Saga lo escudriño por unos momentos. Sabía que toda la locura con esa chica había comenzado por fastidiar al eterno rival de Kanon, Radamanthys. Pandora parecía una muñeca a primera vista, era tranquila y educada, pero cada vez que la conocían más, descubrían lo fría y calculadora que podía ser… tanto como su hermano. Tal vez ahí habían comenzado los problemas, tenían una esencia en común aunque sus temperamentos eran diametralmente distintos. Sin embargo, más allá de eso, había algo que a Saga nunca le había gustado de ella… y no eran celos, como a Aioros le gustaba decir. Pero habían sido casi tres años de relación con su hermano, lo más estable que ninguno de ellos había tenido jamás, y en ningún momento logró agradarle, ni a él, ni a los Kafkis.

—En fin —dijo levantándose, sin volver a mirar a su hermano —Muero de hambre, ¿Hay algo de comer aquí?

Kanon se adelantó a la casa, mientras Saga que quedo acariciando a Bucéfalo.

—Esta vez tiene que ser la última —le dijo al perro —Yo me encargaré de eso.

Caminó sobre los pasos de su hermano y cuando entró a la cocina, escuchó los pasos apresurados de Milo y Aioria por la escalera.

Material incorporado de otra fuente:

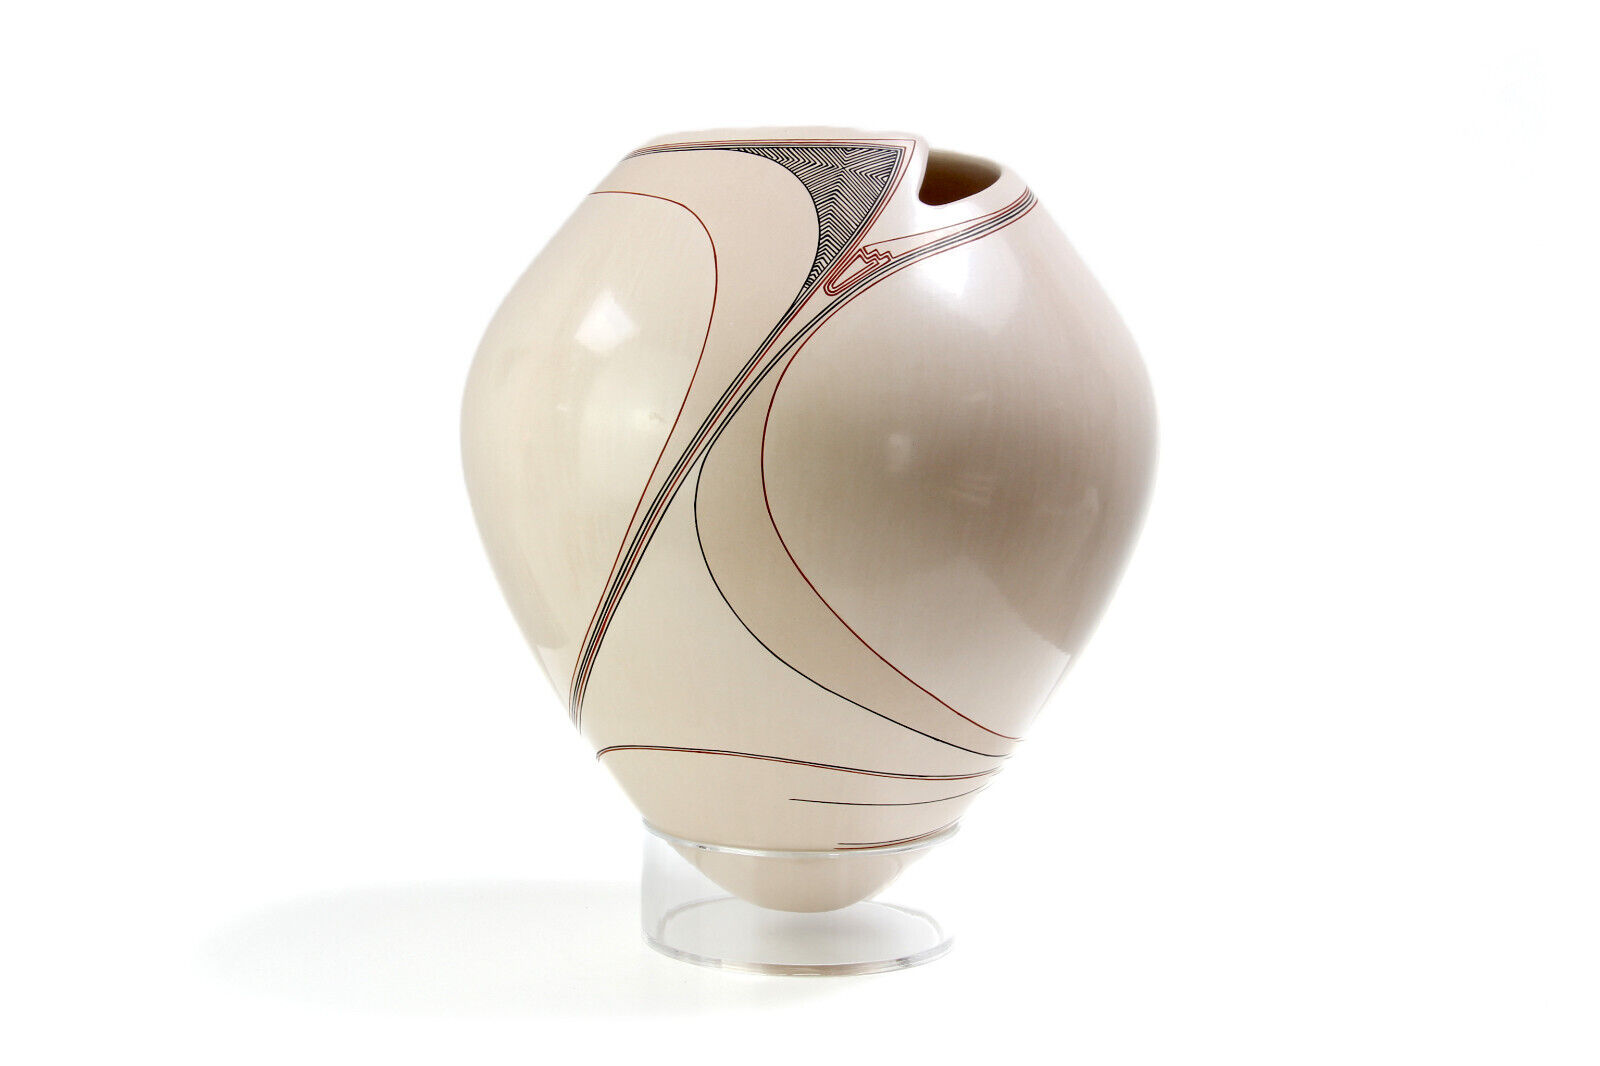 Mata Ortiz Pottery | Amplitude by Diego Valles | 11 in. | Mexican ceramic art

Una pequeña sonrisa se dibujó en su rostro.

—¡No fuiste por mí! —exclamó Milo al entrar en la cocina.

—¡Bicho! No sabía que venias.

La expresión ofendida de Milo, les arrancó una carcajada a todos.

—Te lo dije hace más de un mes.

—Me lo hubieras dicho hace una semana. Tengo una vida ocupada.

Indignado, Milo tomó asiento.

—Para redimirse, puede acompañarte mañana al Partenón —Intervinó Saga. Kanon volteo a verlo contrariado —Iremos todos.

—Sí, tienes que ir —apuntó Milo.

—Sera divertido —dijo Aioros.

—No sé que le encuentras de divertido a un montón de piedras.

—Hace mucho que no salimos todos juntos —se encogió de hombros Aiora—. Solo no lleves a la bruja de tu novia.

Saga se tensó, suponiendo que aquella era una fibra sensible, pero para su sorpresa Kanon rompió en una carcajada.

—Vale, me han convencido.

Milo celebró y mirándolo, Saga supo que aquel pequeño plan en su cabeza iba a comenzar a tomar forma.

—Shaka… Shaka

La voz era profunda, inmortal. El chico la escuchaba como un susurro en su oído, pero a la vez sentía el eco en toda su mente, la sentía en su piel, con cada uno de sus sentidos. En ese instante no existía nada más que aquella voz. Había alcanzado aquel rincón de su mente donde no existía el tiempo, ni la materia. Donde la individualidad se desvanecía y solo existía el todo, el Uno. Ataraxia, le llamaban según su doctrina. El estado de máxima concentración donde se desvanecían todos los deseos.

Y justo en ese lugar se encontraba su maestro.

—¿Por qué las dudas están invadiendo tu espíritu?

—¿Cómo podríamos los mortales juzgar las decisiones de los dioses? Rebelarnos, desencadenar batallas… solo traerá más muerte y dolor al mundo. ¿No es el camino correcto aquel que desencadena menos dolor?

—No se debe huir del dolor, ni de la muerte, ni la vejez… ¿acaso lo has olvidado ya? El dolor no es más que una señal que nos indica cuanto nos alejamos de nuestro dharma. El huir de él, apegarte a una vida, no te acercara a la felicidad, ni a la paz, ni a la liberación; en cambio te traerá más dolor, a ti y a los demás. Solo cumpliendo él deber se puede para la rueda del Samsara…

La voz de su maestro se perdió de pronto y Shaka se encontró a sí mismo en un amplio jardín. A cada lado suyo se encontraban los arboles gemelos y las flores rosadas danzaban con el viento. Un hombre avanzaba lentamente hacia él, su cabellera era larga, verde; y su túnica negra llegaba hasta el suelo.

—Shaka —lo llamó con una autoridad innegable —. Debes reunirlos a todos. Debes buscarme en este lugar.

Shaka se levantó lentamente y observó a su alrededor. Un gran templo de mármol blanco, se alzaba a su derecha. Y atrás de él, se erguia una estatua enorme como ninguna. Una Atenea.